Plaintiff contends that the classification of judgment debtors contained in section 3 of the Interest Act (Ill. Rev. Stat. 1981, ch. 17, par. 6403) violates the right of the plaintiff class to equal protection of the law. (U.S. Const., amend. XIV; Ill. Const. 1970, art. I, sec. 2.) Section 3 provides in pertinent part that:

“Judgments recovered before any court shall draw interest at the rate of 9% per annum from the date of the judgment until satisfied or 6% per annum when the judgment debtor is a unit *139of local government *** a school district, a community college district, or any other governmental entity.” Ill. Rev. Stat. 1981, ch. 17, par. 6403.

The plaintiff class, as judgment creditors of the city of Chicago, receive 6% on their judgments until payment. Plaintiff contends that there is no rational basis for requiring governmental entities to pay a lesser rate of interest on judgments against them than is imposed generally.
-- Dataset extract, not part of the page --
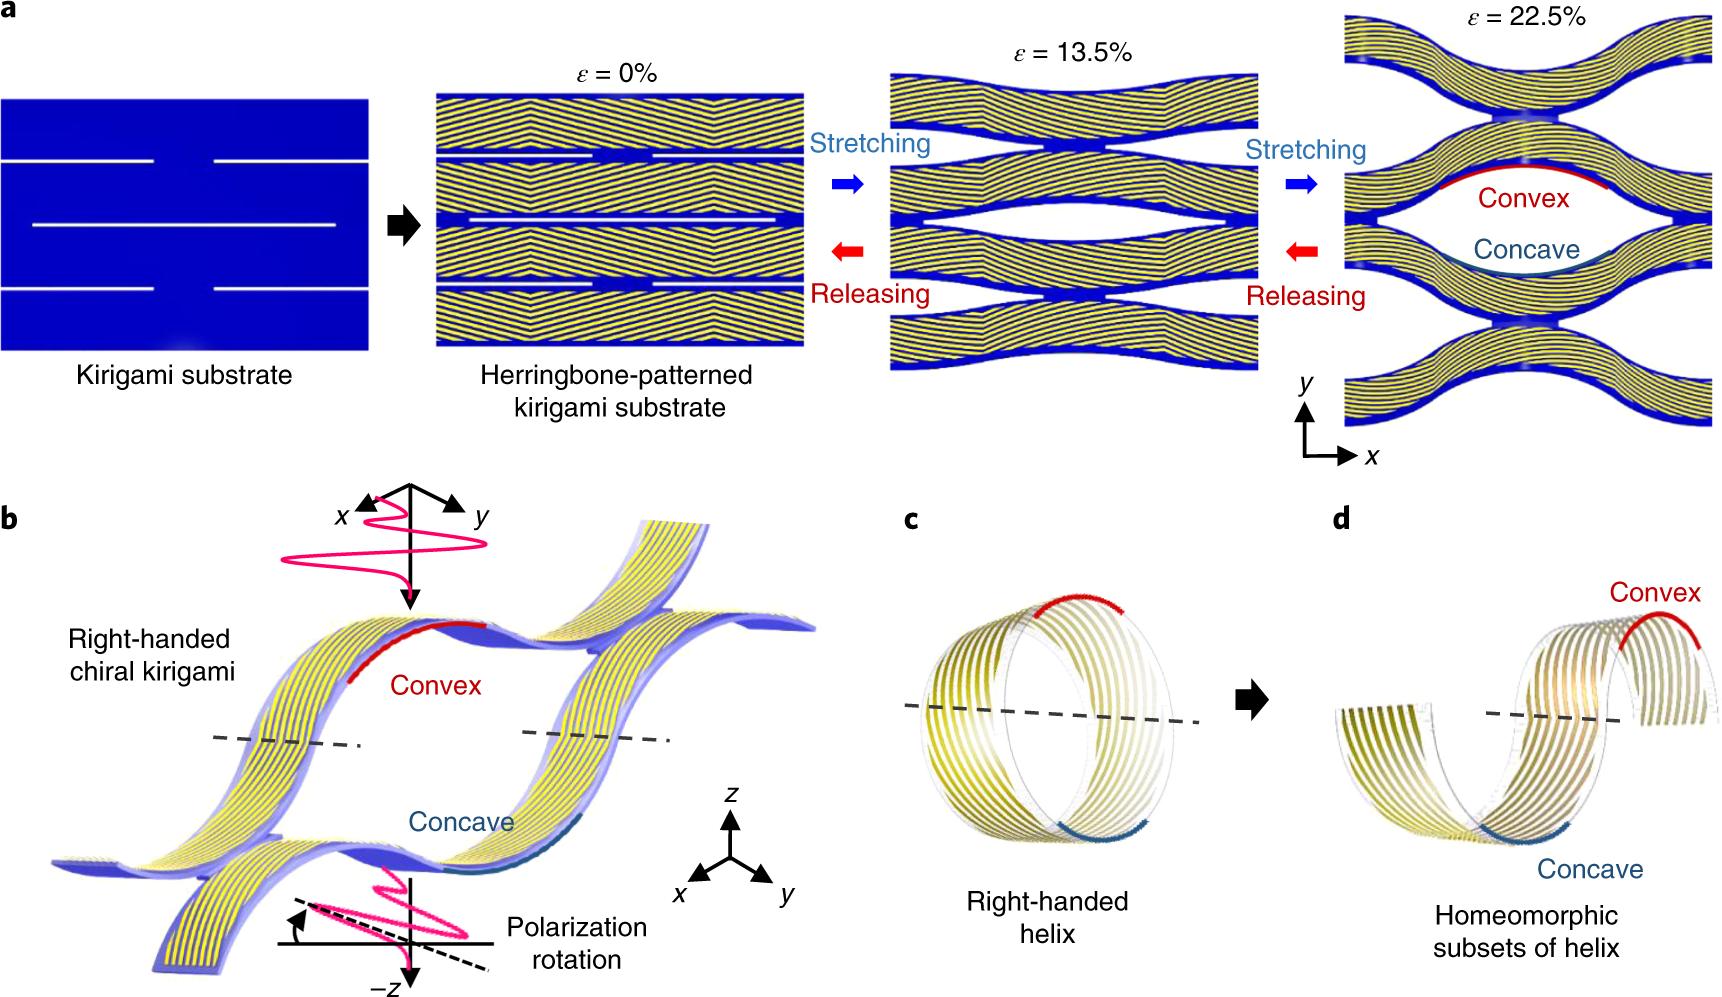 Terahertz circular dichroism spectroscopy of biomaterials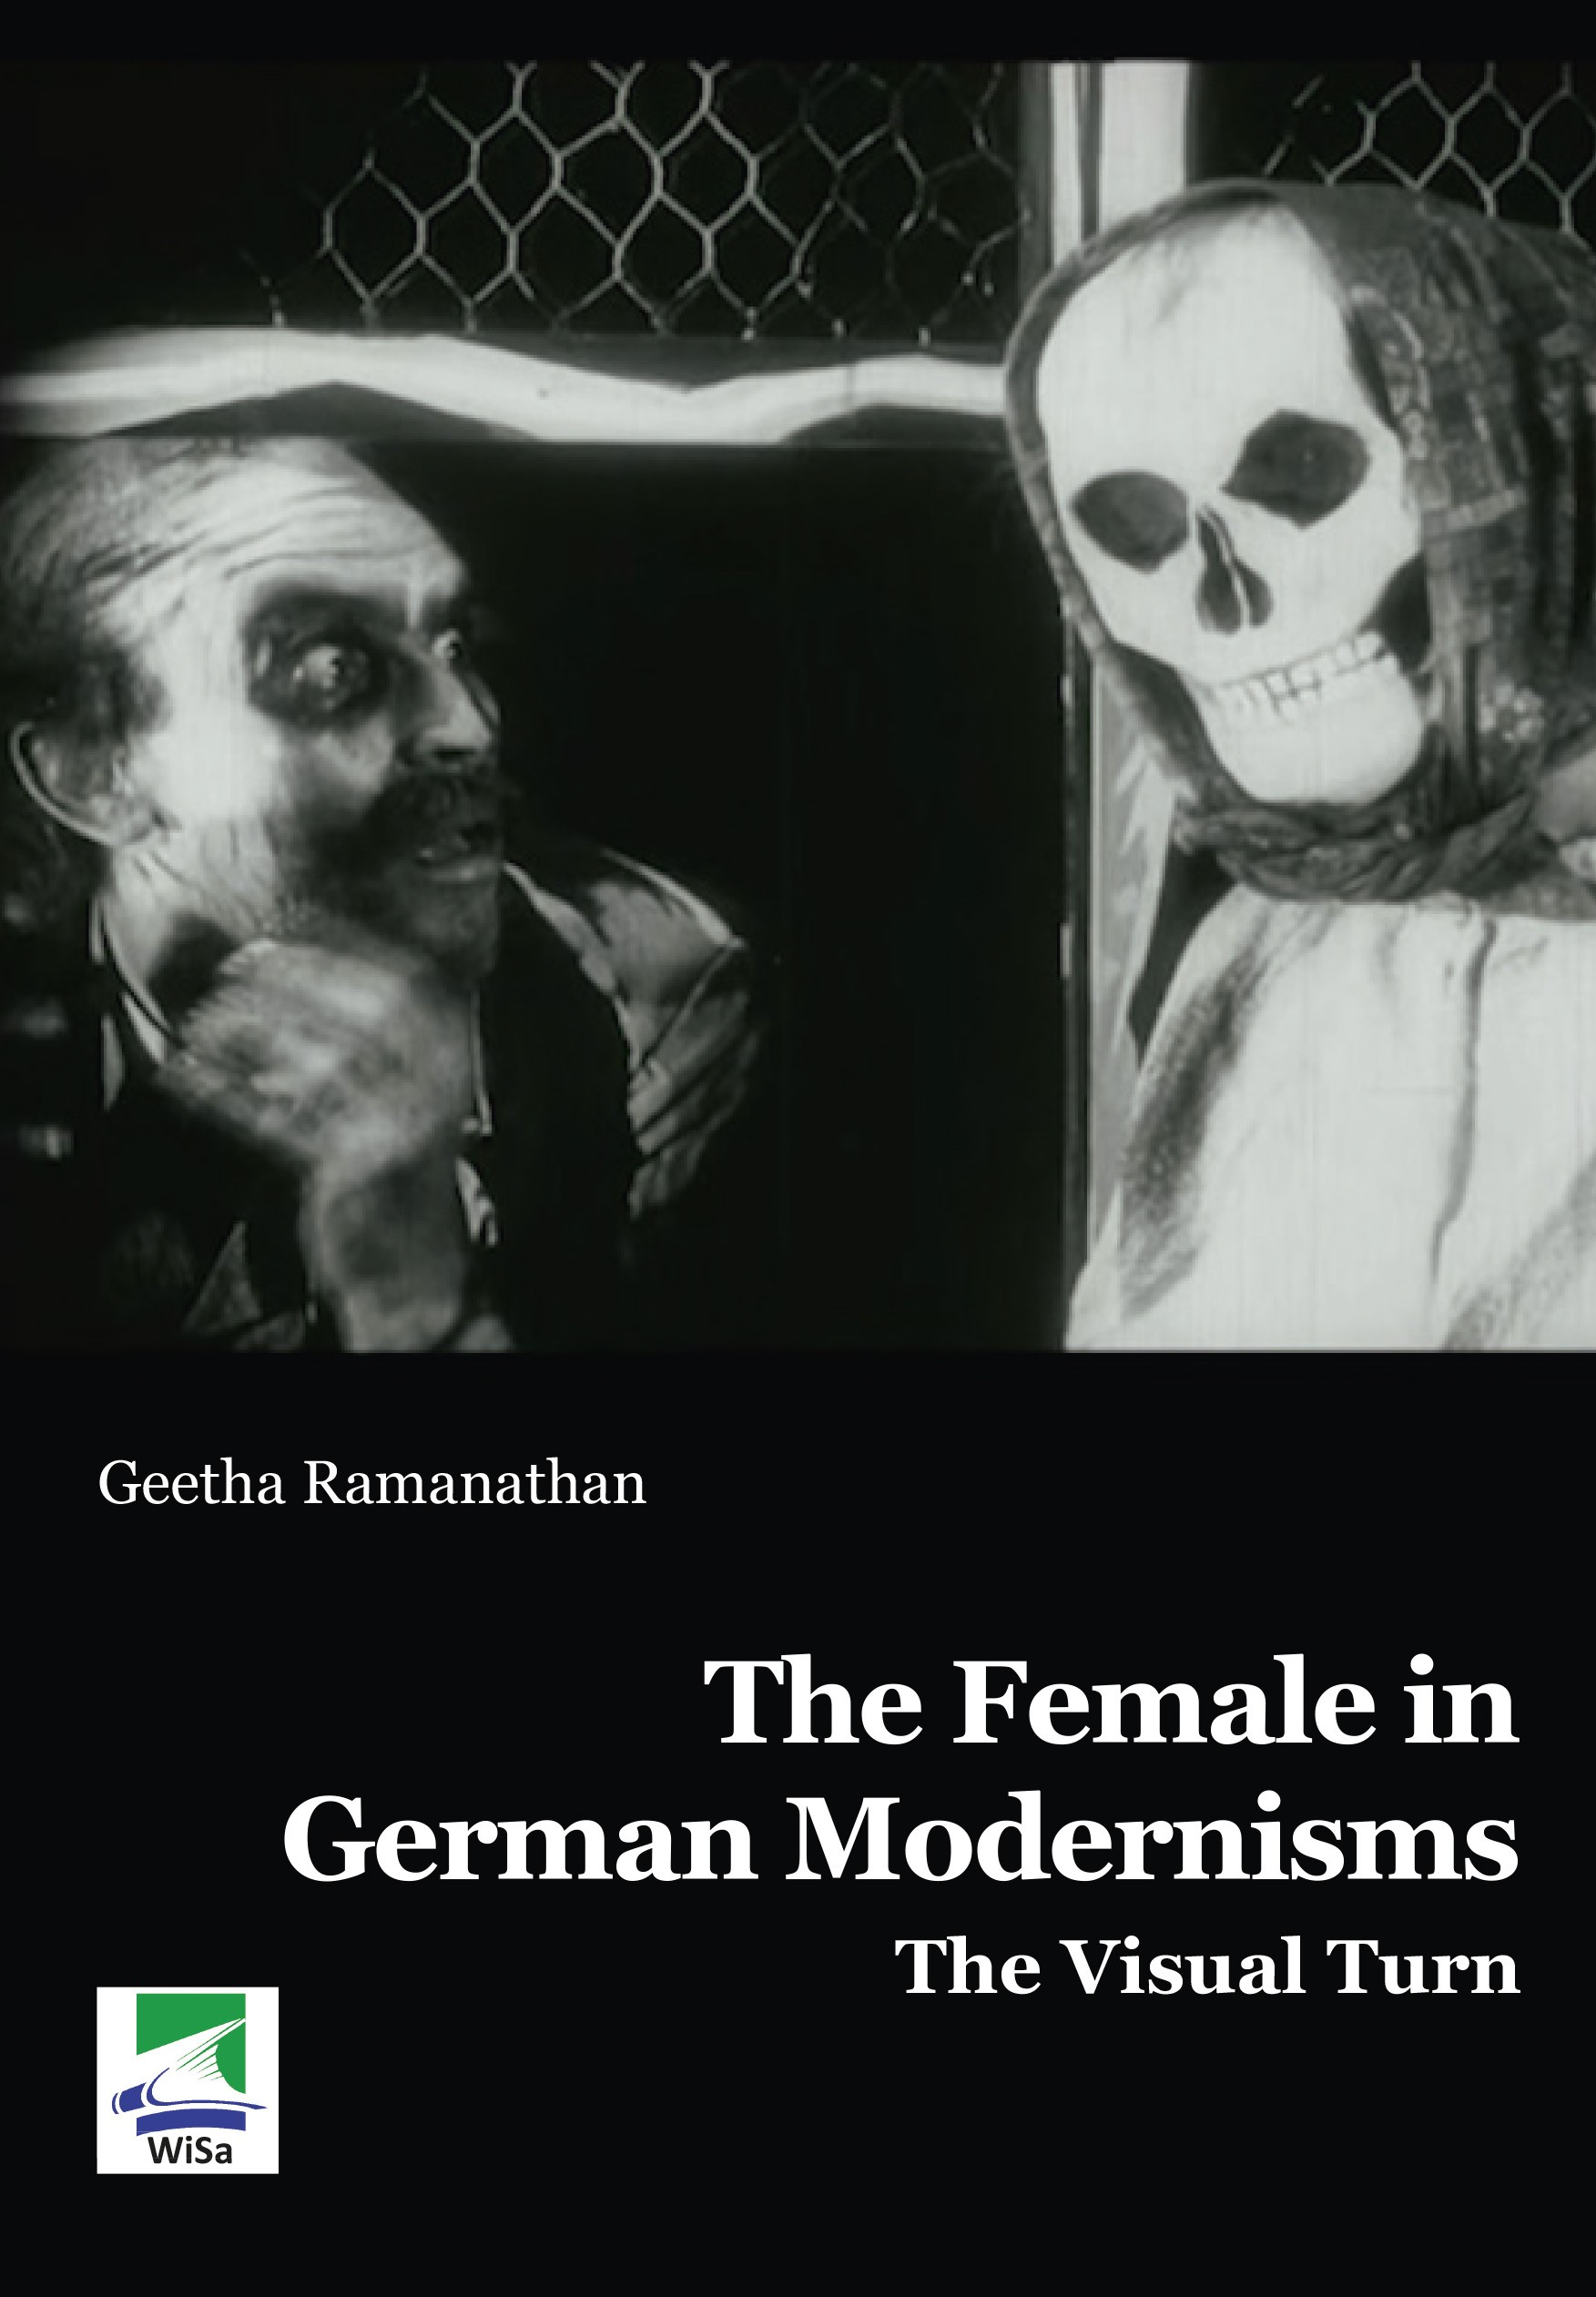 The Female in German Modernisms

In reviewing the constitutionality of legislation, the standard to be applied is determined by the nature of the right asserted or class of persons involved. Plaintiff concedes that neither a fundamental right or a suspect class is involved and that the legislation at issue is to be examined under the rational basis test. Under that test, the court determines whether the statutory classification is rationally related to a legitimate governmental purpose. (See Lake Shore Auto Parts Co. v. Korzen (1971), 49 Ill. 2d 137, 149, 273 N.E.2d 592, rev’d on other grounds (1973), 410 U.S. 356, 35 L. Ed. 2d 351, 93 S. Ct. 1001.) In making this determination, it is constitutionally irrelevant what reasons in fact served as the basis for the legislation. (Miller v. Department of Public Aid (1981), 94 Ill. App. 3d 11, 20, 418 N.E.2d 178.) If the court can discern any reasonable basis for the legislative classification, the statute should be upheld. 94 Ill. App. 3d 11, 20.

The statute in the instant case imposes a lower rate of judgment interest on governmental bodies than on other entities. The legislature may well have enacted the disparate interest rates in order to somewhat lessen the burden on the taxpayers who ultimately pay for judgments rendered against governmental entities. One may question whether the legislature struck a proper balance between the tax saving resulting from a lesser rate of judgment interest and the burden imposed on the individual judgment creditor who is obliged to collect less on his judgment simply because he was injured by a governmental entity, but such is not the court’s task. (See Schiller Park Colonial Inn, Inc. v. Berz (1976), 63 Ill. 2d 499, 512, 349 N.E.2d 61.) The test is rationality and we find that the legislative classification here has a rational basis.

Plaintiff’s contention that section 3 of the Interest Act violates the constitutional prohibition against special legislation has been withdrawn.

The judgment of the circuit court is affirmed.

Affirmed.

DOWNING, P.J., and PERLIN, J., concur.